Quando ia para o correio era levar a mala com as cartas. Levava-as à Benfeita e trazia as que vinham de Côja, lá de Lisboa, de um lado e de outro. Quem me chamou para lá foi um senhor daqui. Fui eu e vários, quando eu não quis, tiveram que ir outros.
Andei lá a ganhar 15 tostões, era uma vergonha. De Pai das Donas vinha para a Benfeita ganhava 2 escudos. E para aqui, para tão longe, ganhava 15 tostões. Mas isto ia da pessoa, que fazia o ajustamento. A outra pessoa é que ganhava e dava só assim. Tinha 5 tostões de cada terra. Vir da Benfeita aos Pardieiros e dos Pardieiros para a Relva Velha e para aqui. Era uma miséria, quase nem para o pão dava. Até se dizia: “Relva Velha está a cair, Pardieiros estão no chão, Valentões de Monte Frio que ainda cá têm mão.”

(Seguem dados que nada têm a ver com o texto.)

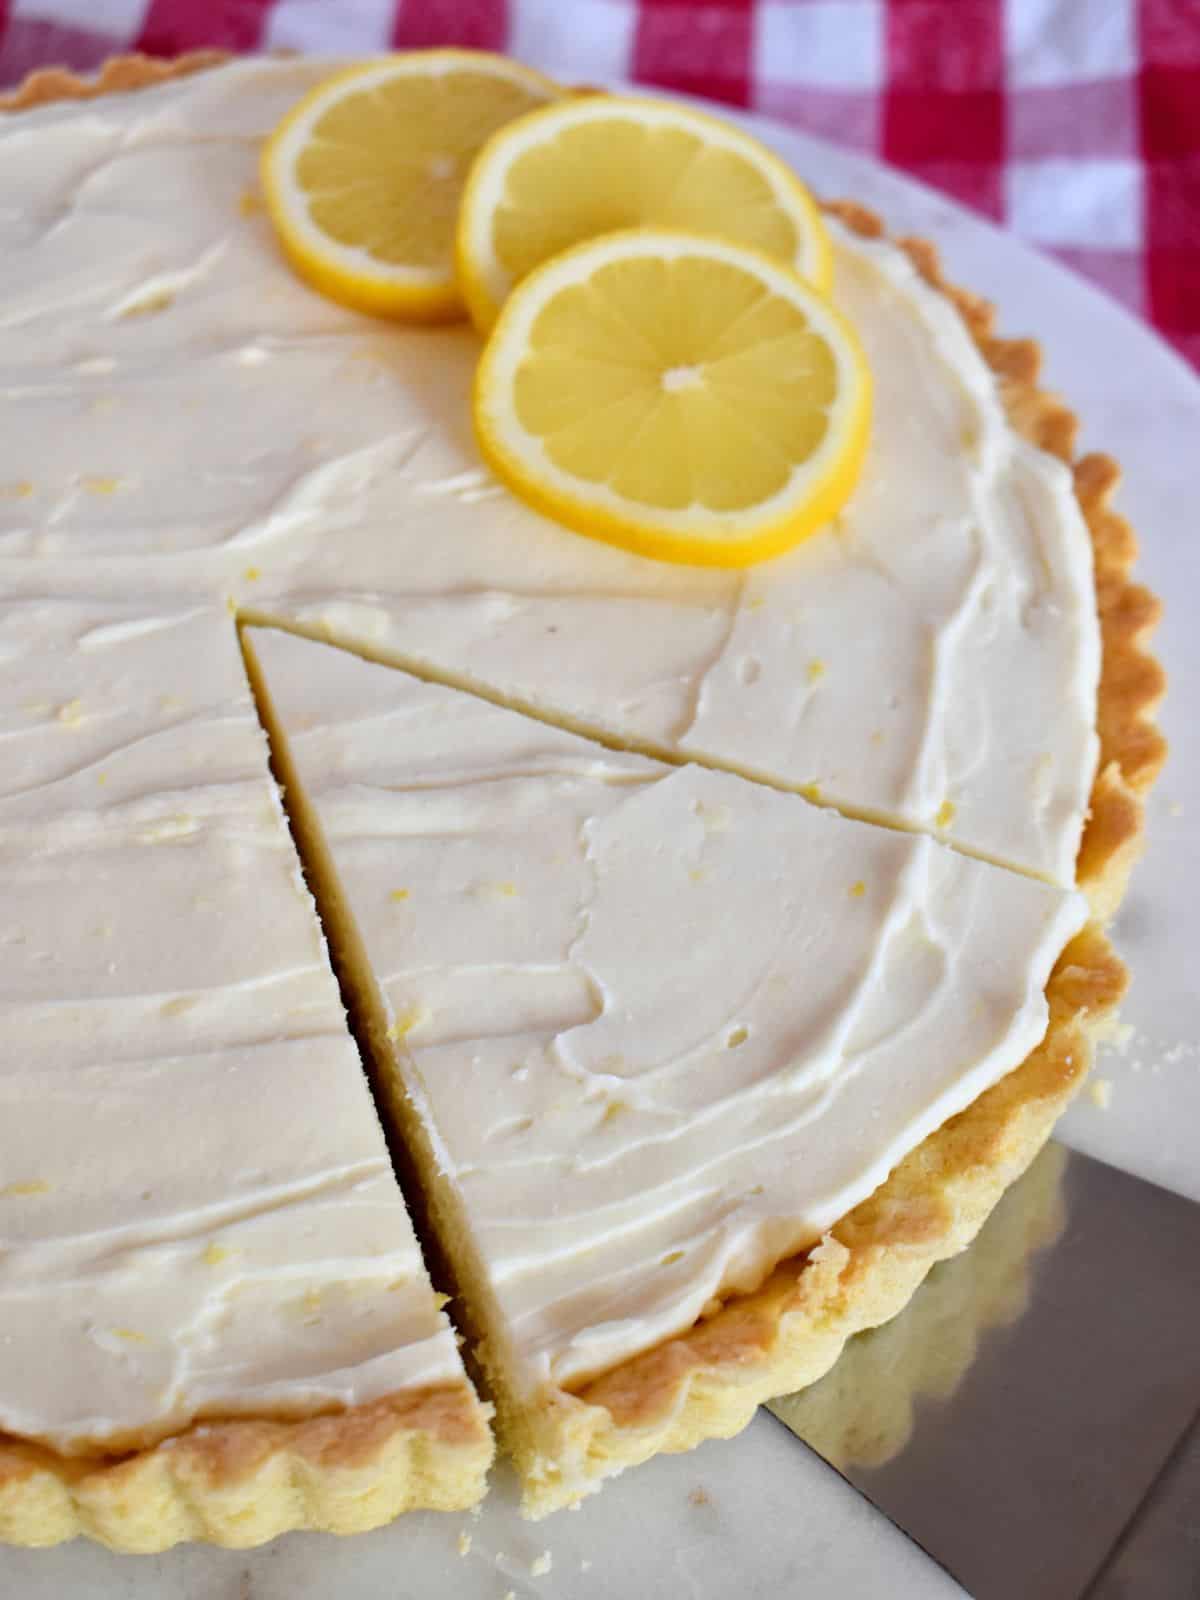 Lemon Mascarpone Tart with a slice cut into it. 
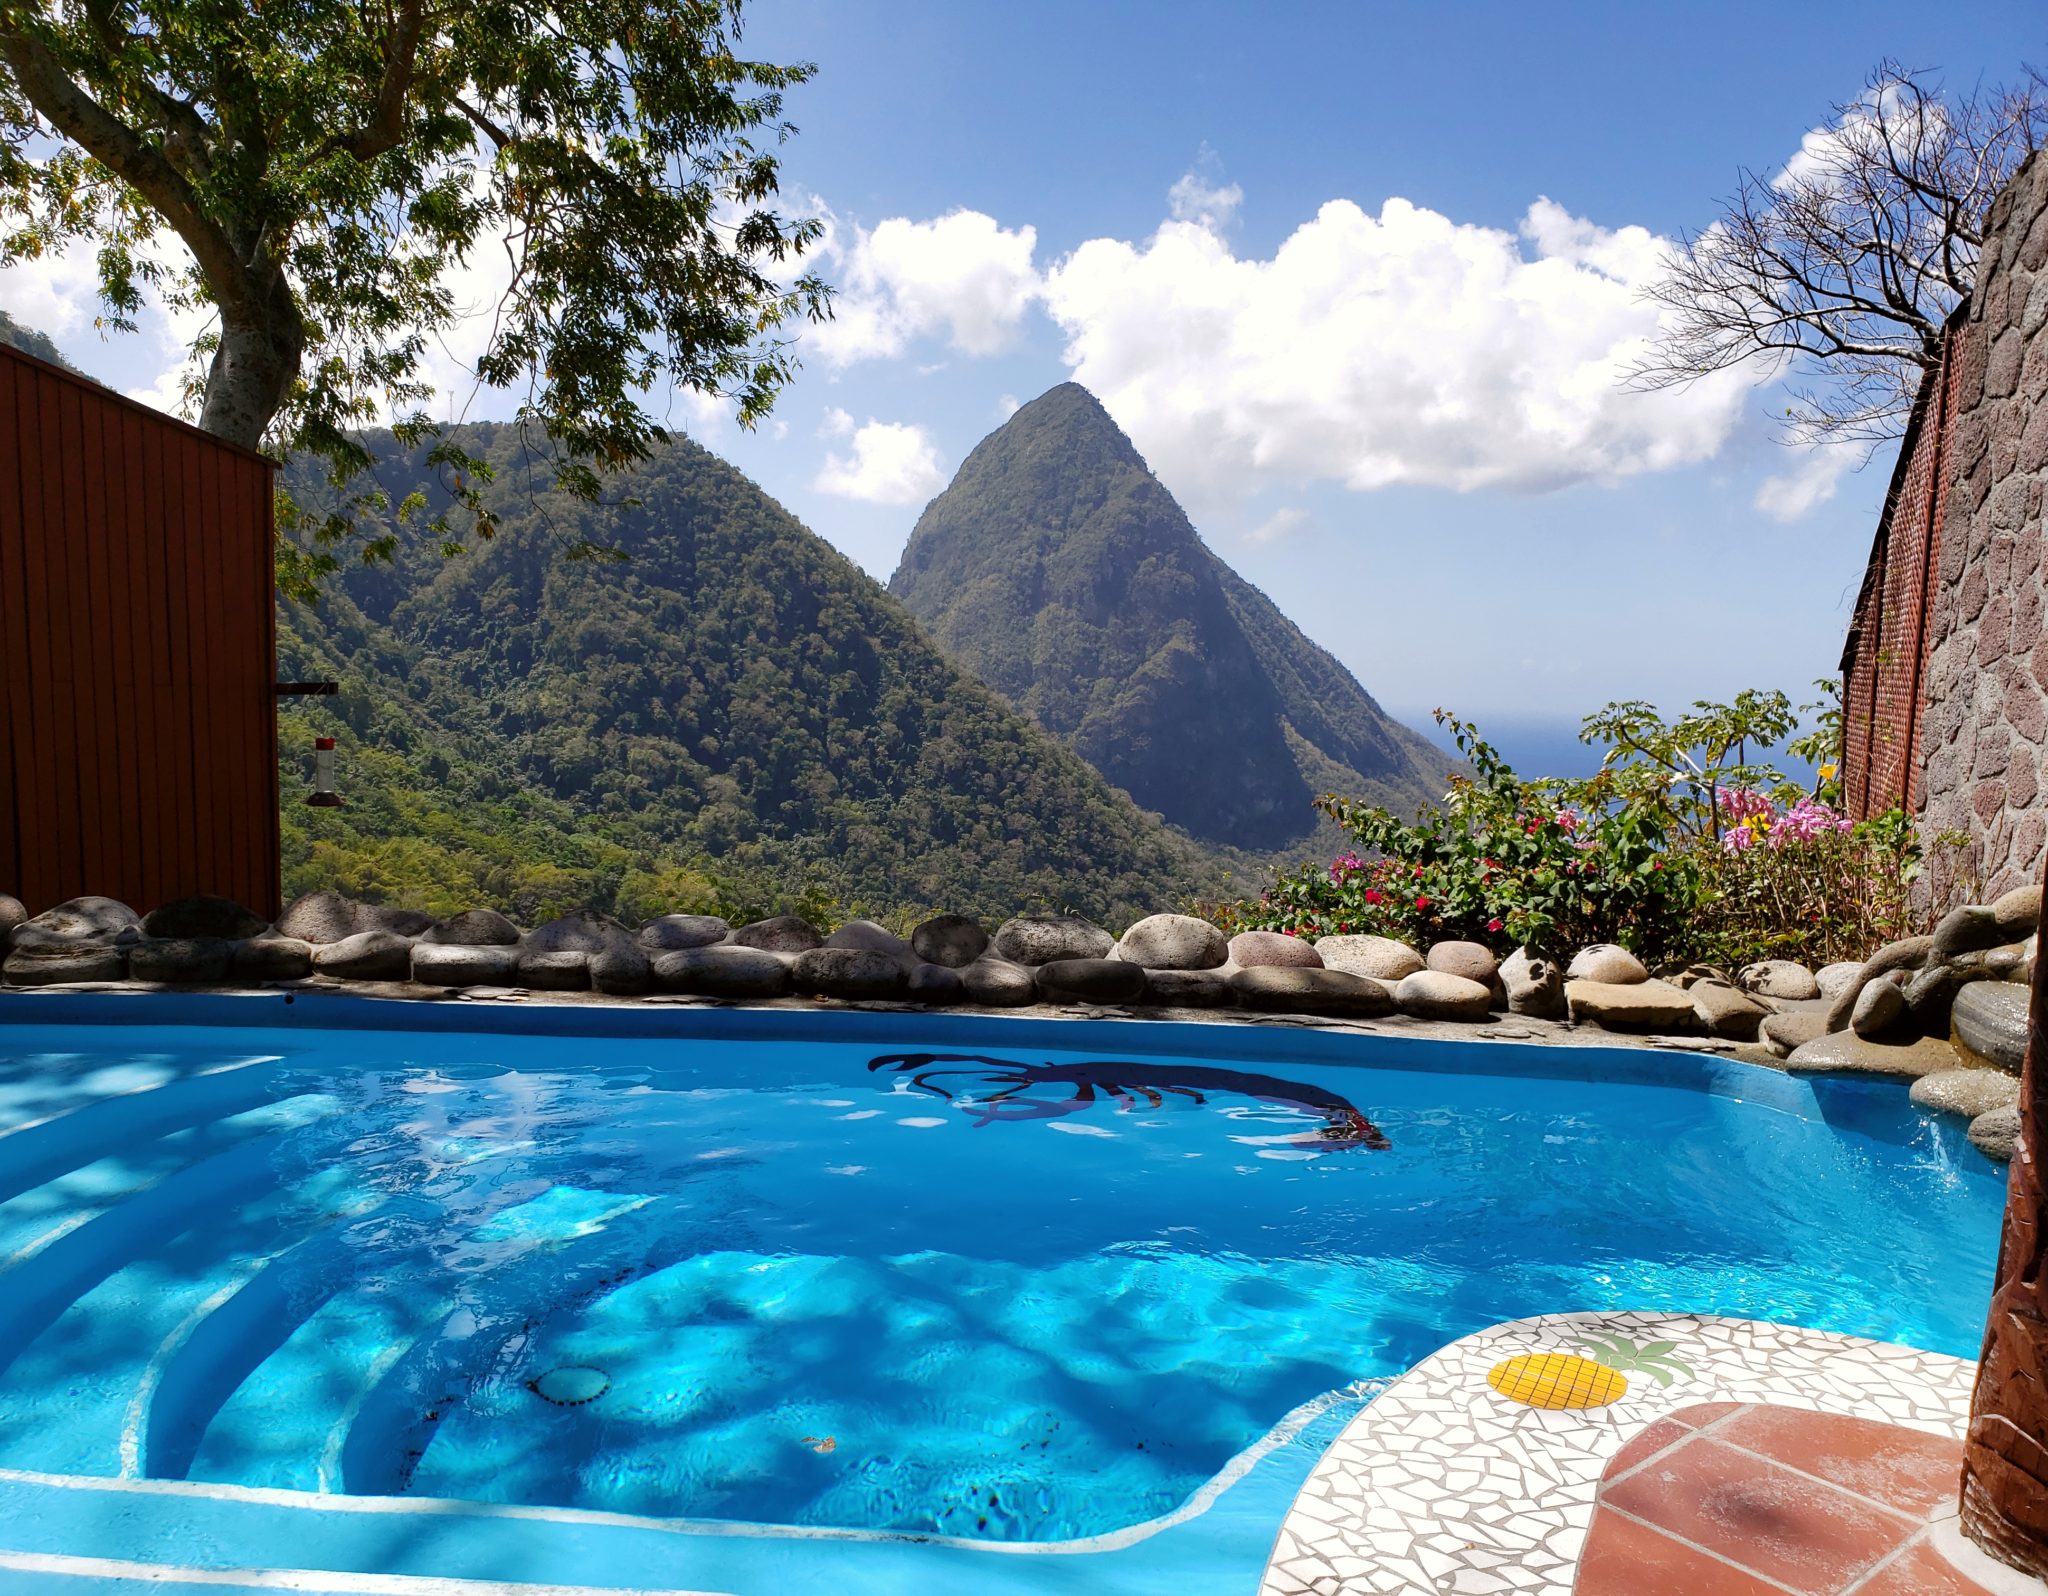 Ladera Resort Heaven On Earth In Saint Lucia Travel Dreams Magazine Travel Dreams Magazine

Era bastante tempo. Às vezes eram seis horas e eu ainda na Benfeita. Às vezes, quando tocavam as Ave Marias ainda eu estava na Benfeita, que o correio não vinha de Côja. Na igreja tocavam as Ave Marias, já era noite. A pé e tão longe. Debaixo de água, neve e vento, pinheiros a caírem à minha frente. A uma irmã minha caiu-lhe um pinheiro à frente. Se ela calha de passar na altura apanhava com o pinheiro em cima. Vinha de lá, às vezes, de noite “pia cima” e eu tinha tanto medo. Se sentisse só uma pedra, já vinha ali assim com medo. Uma vez, cheguei aos Pardieiros e vai um homenzinho comigo com uma lanterna. E daqui não iam à minha procura, nem iam esperar-me. Ai, eu chegava a casa danada. Vinha por ali acima. Uma vez esqueci-me da mala dos Pardieiros na padaria e tive que voltar da Nossa Senhora das Necessidades, mais para cá, para a Benfeita para ir buscar a mala. Aconteciam-me assim coisitas. Depois é que começou a ser de mota e agora é de carro. Vem de Côja num carro e a gente era a “butes”.